Indian investors are finding it challenging to access global stock markets due to Reserve Bank of India (RBI) investment limits that have restricted new overseas investments by mutual funds. This has led many investors to seek exposure through global Exchange Traded Funds (ETFs) listed on Indian exchanges.
The Problem: ETFs Trading at a Premium
Normally, an ETF's market price closely follows its Net Asset Value (NAV) or Intrinsic Net Asset Value (iNAV), which represents the real-time value of its underlying assets. However, with limited avenues for new global investments, demand for existing units of popular global ETFs has surged. This increased demand, coupled with a shortage of new units, has caused ETF prices to trade significantly above their NAVs – a situation known as trading at a premium.
For example, on November 17, Mirae Asset FANG+ ETF was observed trading at over a 20% premium, Mirae Asset S&P 500 Top 50 ETF at a similar markup, and Nippon India ETF Hang Seng BeES was nearly 20% higher than its iNAV.
Impact
When investors buy these ETFs at a premium, they are essentially overpaying for the underlying assets. This premium can shrink or disappear over time as ETF prices naturally gravitate back towards their NAV. If an investor sells their ETF units when the premium has fallen, their returns can be negatively impacted or even turn into a loss, irrespective of the performance of the global stocks the ETF tracks. This situation is exacerbated by factors like limited supply due to regulatory caps and "FOMO" (Fear Of Missing Out) buying driven by market sentiment.
Expert Advice
Financial planners advise investors, especially those with shorter investment horizons, to avoid these overpriced ETFs. They suggest waiting for premiums to cool down or exploring alternative diversification avenues like Gift City or direct global investing. It is crucial for investors to compare an ETF's iNAV with its live market price before transacting and consider using limit orders to avoid buying at steep premiums.

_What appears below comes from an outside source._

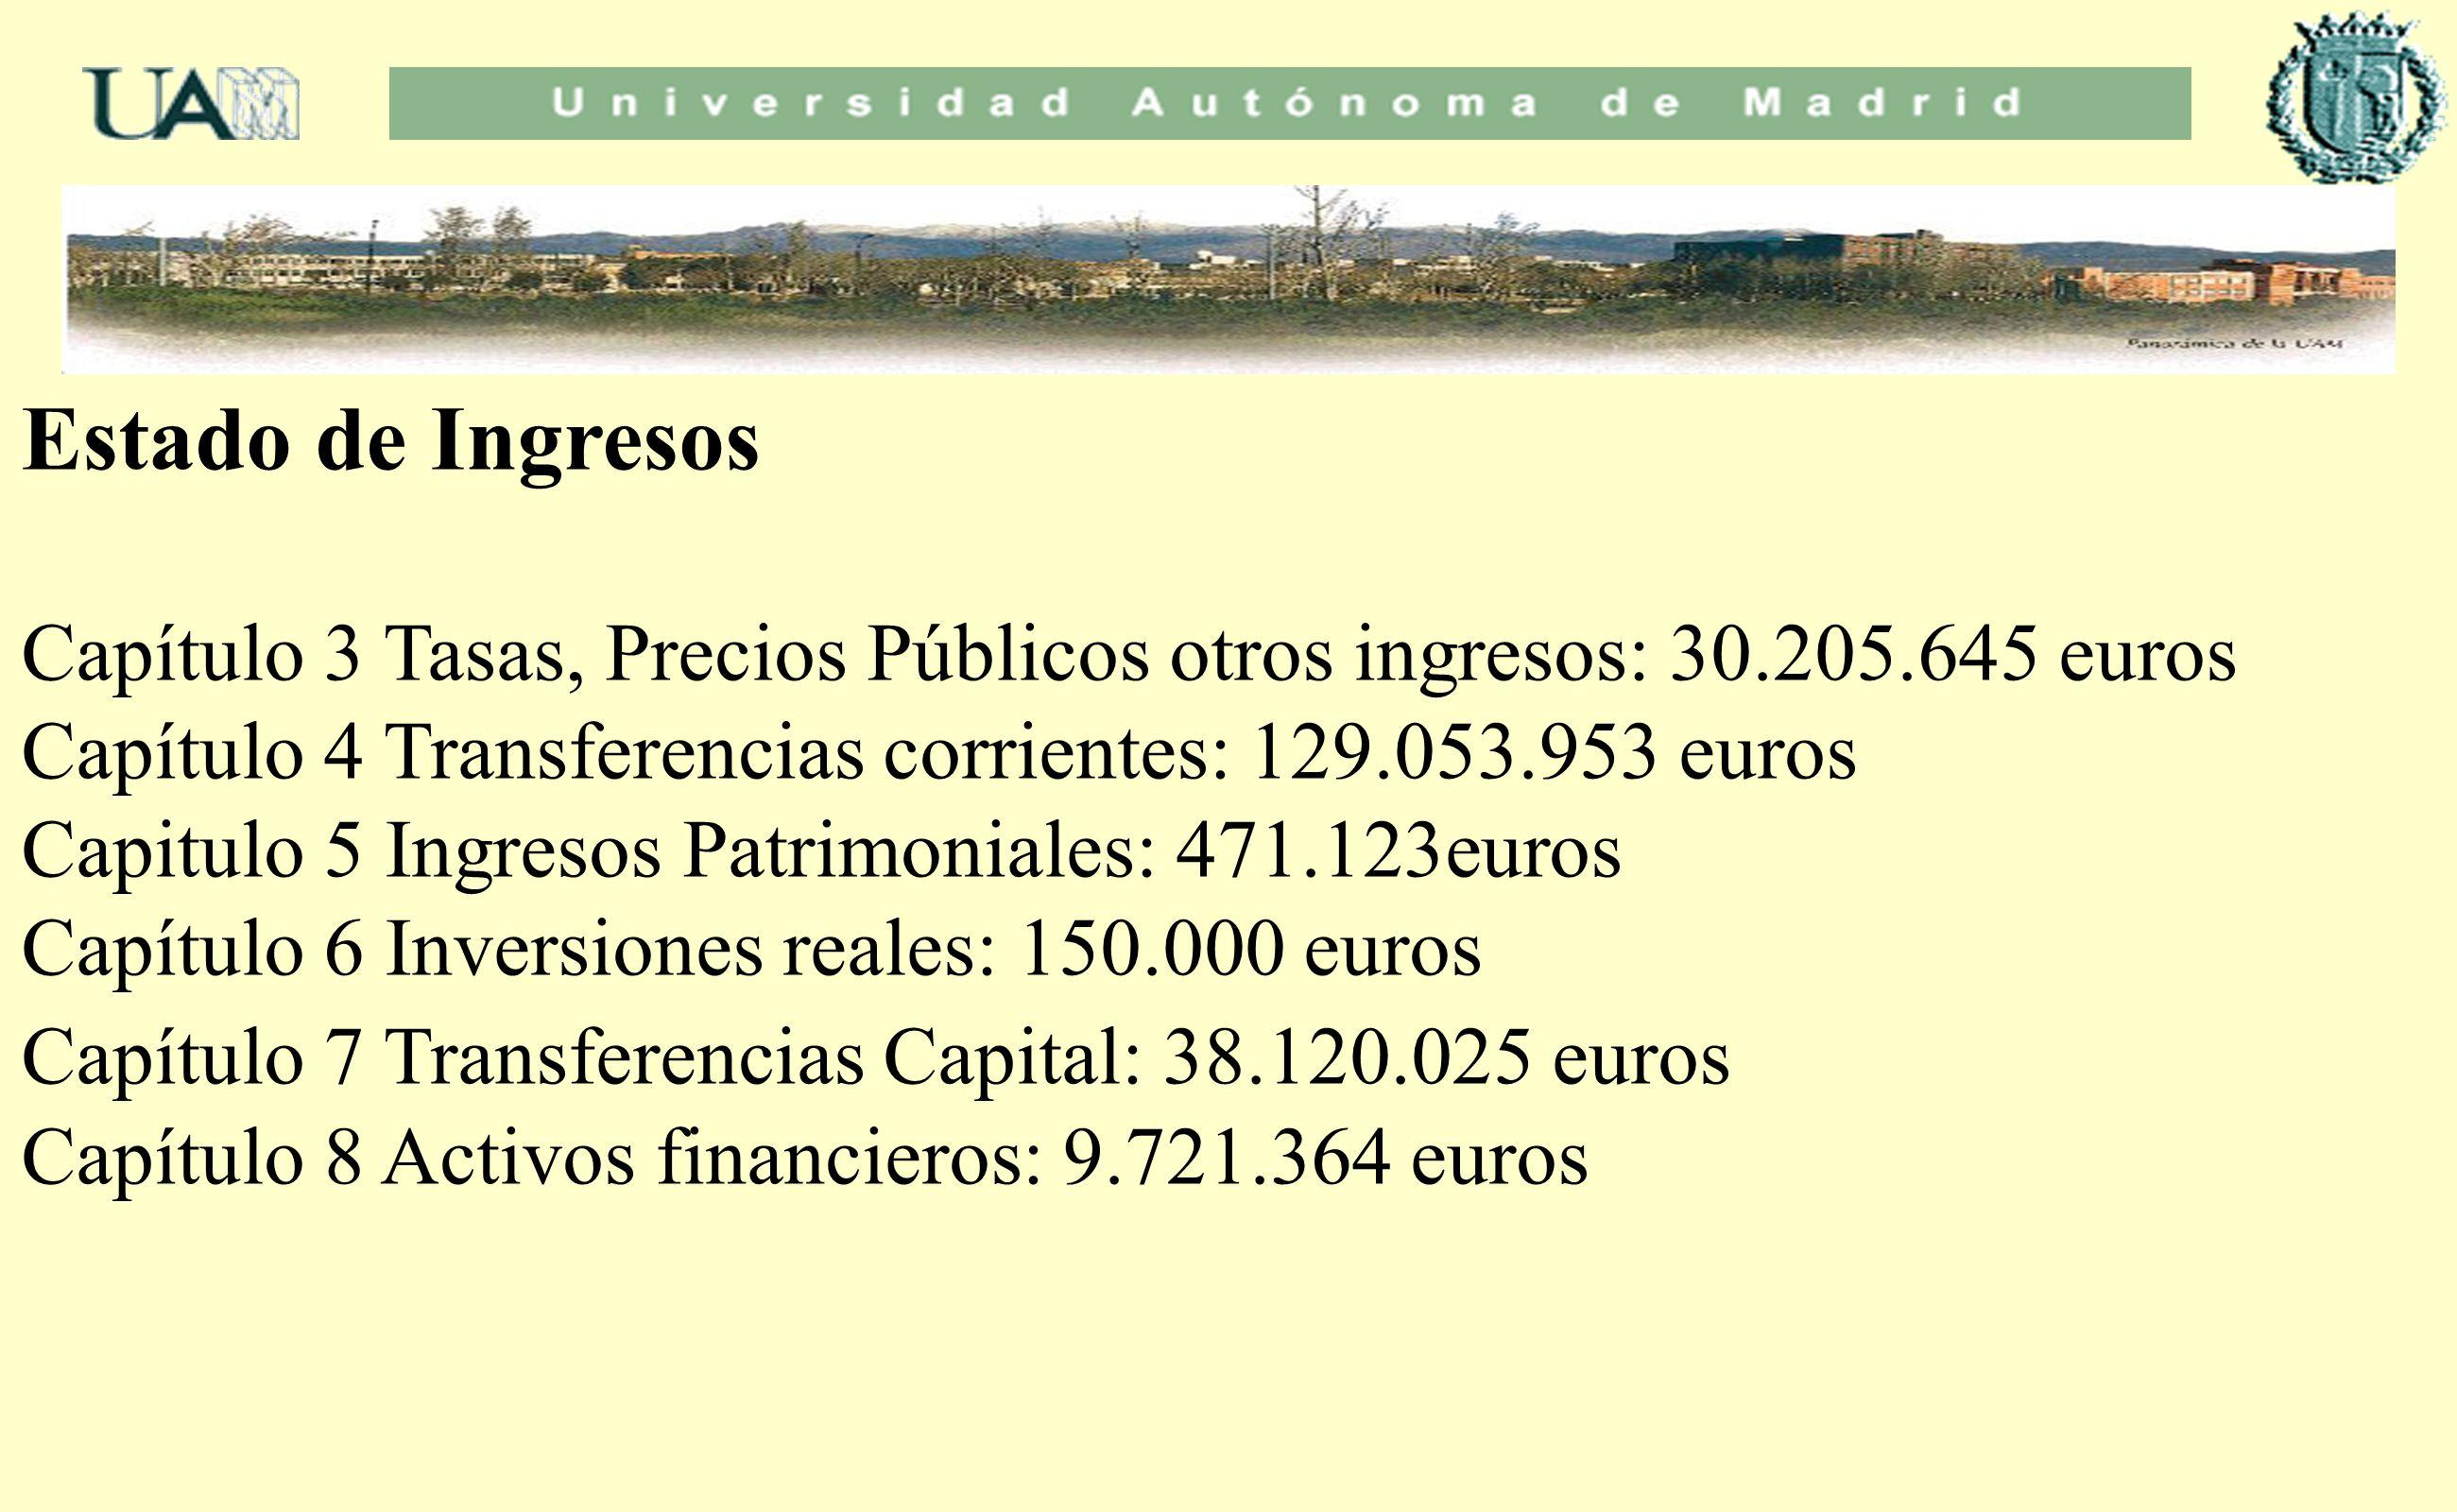 Estado de Ingresos Capítulo 3 Tasas, Precios Públicos otros ingresos: 30.205.645 euros Capítulo 4 Transferencias corrientes: 129.053.953 euros Capitul

Impact: 7/10 (This news directly affects the investment strategies and potential returns of Indian investors looking for global diversification, highlighting a significant risk in current market conditions.)
Difficult Terms Explained:
- ETF (Exchange Traded Fund): A type of investment fund that holds assets like stocks or bonds and trades on stock exchanges, much like individual stocks.
- Premium: When an ETF's market price is higher than its Net Asset Value (NAV).
- Net Asset Value (NAV): The per-share market value of a fund's assets, calculated by subtracting liabilities from assets and dividing by the number of outstanding shares.
- iNAV (Intrinsic Net Asset Value): The real-time value of an ETF's underlying assets, providing a live estimate of its worth.
- FOMO (Fear Of Missing Out): A feeling of anxiety that an exciting or interesting event may currently be happening elsewhere, often aroused by posts seen on social media. In investing, it means buying an asset out of fear of missing potential gains.
- Gift City: Gujarat International Finance Tec-City, an integrated business hub in India offering international financial services and business opportunities.